Waarom heeft het kabinet er onlangs voor gekozen om extra geld vrij te maken voor bestuursrechtelijke onderzoeken? Wat is uw reactie op de stelling dat hiermee geen grote fraudeurs worden gepakt? Vindt u dit wenselijk? Welke maatregelen gaat u nemen om juist grote fraudeurs effectiever aan te pakken?

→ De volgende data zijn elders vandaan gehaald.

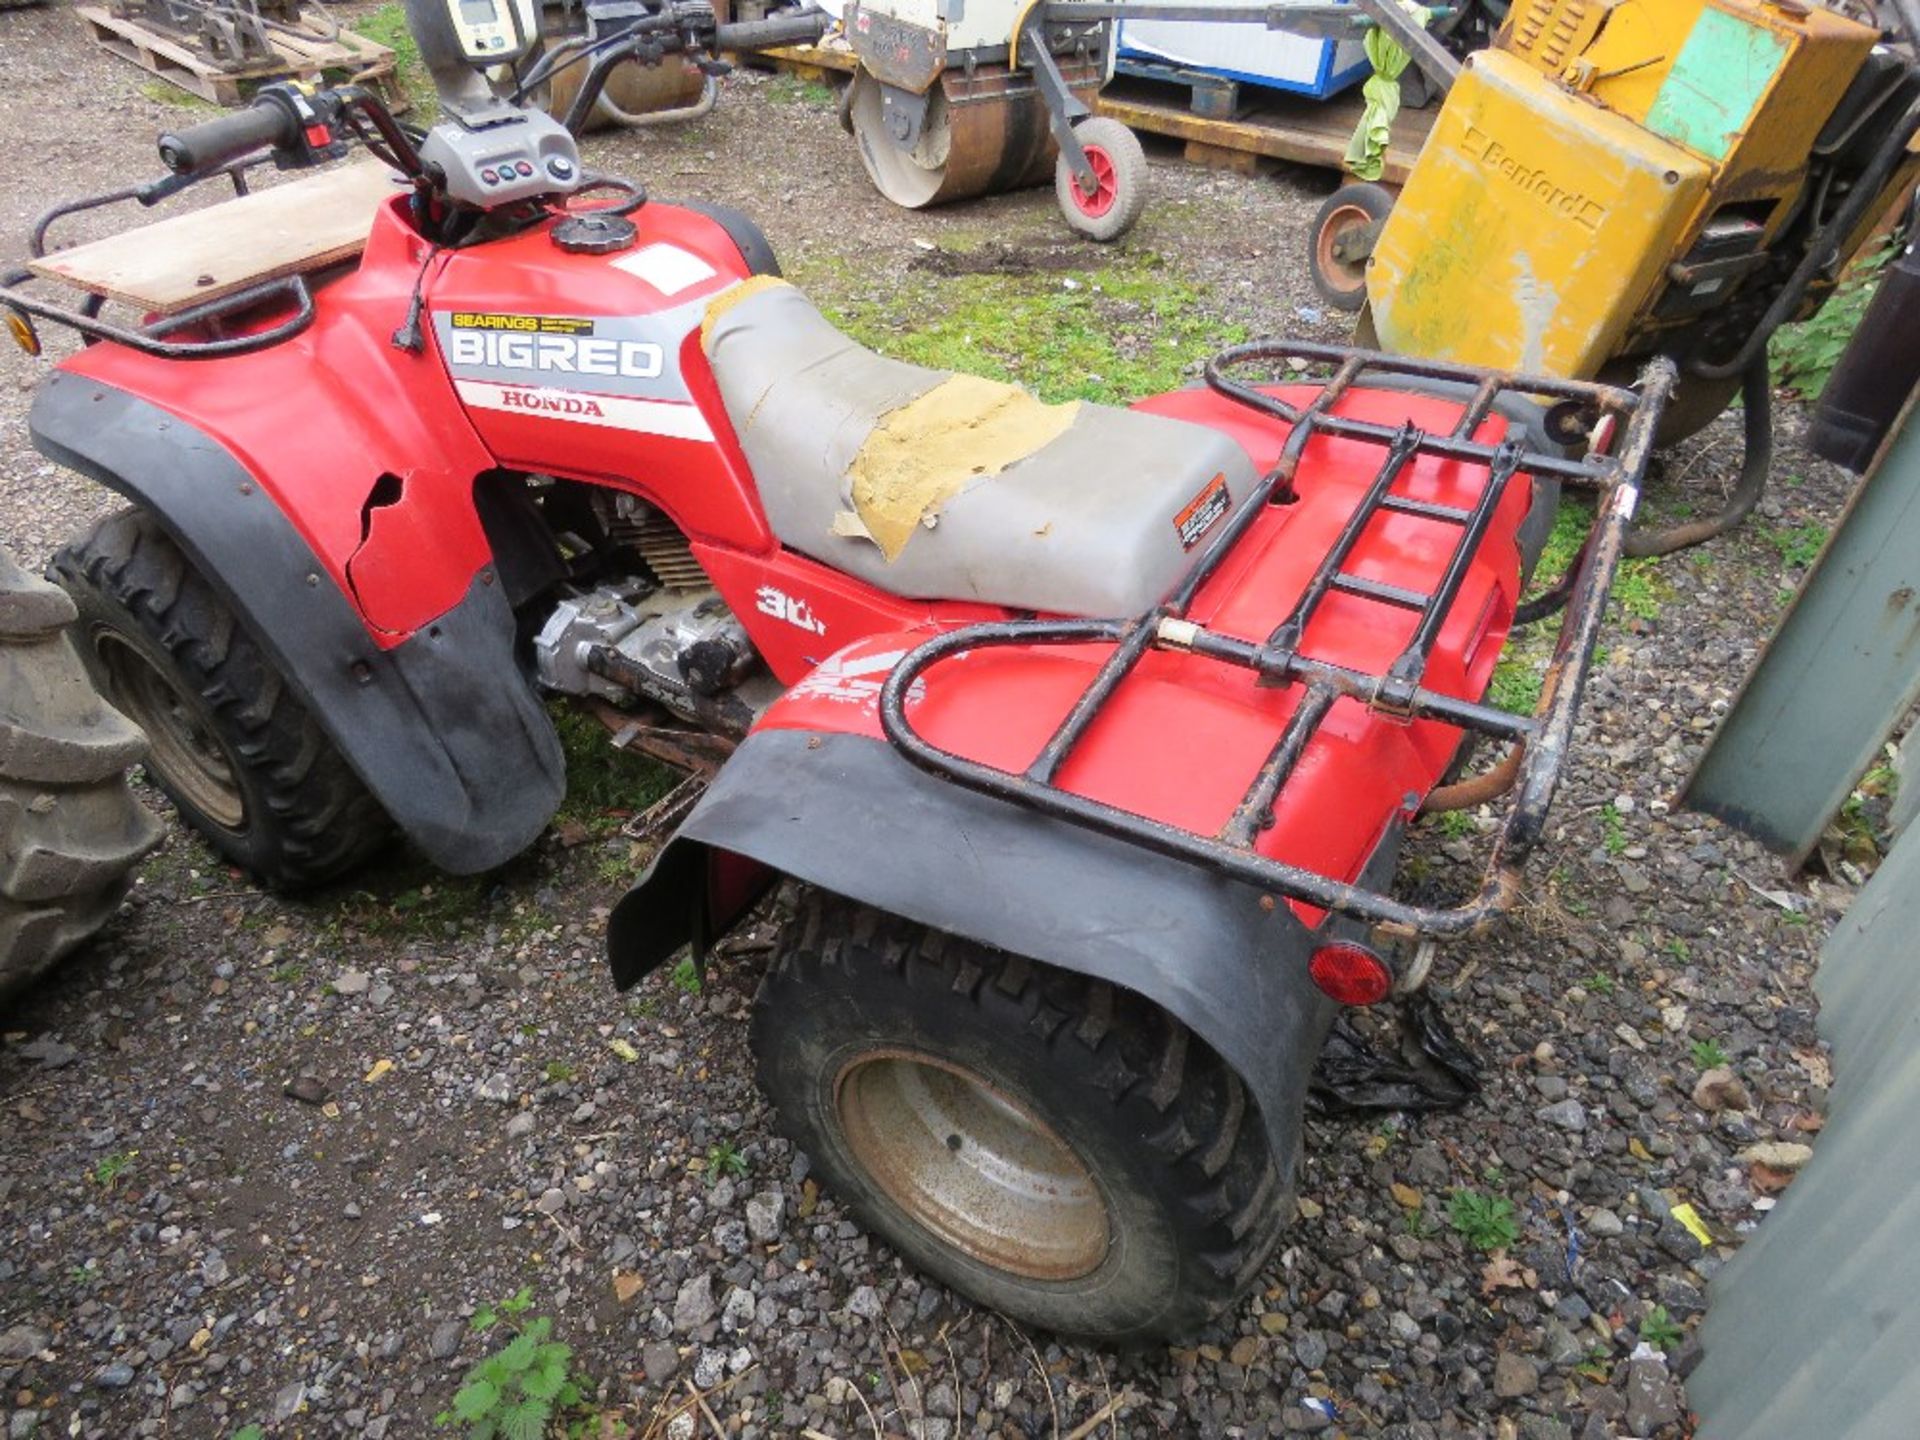 HONDA BIG RED 4WD PETROL ENGINED QUAD BIKE. WHEN TESTED WAS SEEN TO DRIVE, STEER AND BRAKE SOURCED F - Image 6 of 9

Hoe past het kabinetsbesluit, om meer capaciteit vrij te maken om kleine fraudeurs en mensen die buiten hun schuld om een fout maken op te sporen in de aangekondigde versoepeling van de Wet aanscherping handhaving en sanctiebeleid SZW-wetgeving? Waarom neemt het kabinet keiharde maatregelen tegen mensen met een uitkering die per ongeluk een fout maken, terwijl de grote fraudeurs buiten schot blijven?

Antwoord 4 en 5

Ik ga er vanuit dat u met de door u genoemde «bestuursrechtelijk onderzoeken» doelt op de landelijke aanpak adreskwaliteit van het Ministerie van BZK. Het kabinet heeft onlangs besloten € 13 miljoen vrij te maken om risicogericht adresonderzoek te organiseren. Hiermee worden adresonderzoeken ingezet om de kwaliteit van de geregistreerde adressen in de basisregistratie personen (BRP) te verhogen en personen op te sporen die een financieel gewin halen uit incorrecte adresgegevens. Door aanvullend op bestaande adresonderzoeken signalen van verschillende afnemers van de BRP in samenhang te bezien, ontstaat een beter beeld van potentiële adresgerelateerde fraude. Hierdoor komen ook de meer complexe situaties waarbij oneigenlijk gebruik wordt gemaakt van meerdere toeslagen en regelingen aan het licht. De omvang van de fraude is in dit onderzoek niet afgebakend tot kleine zaken. Het gaat om alle overtredingen.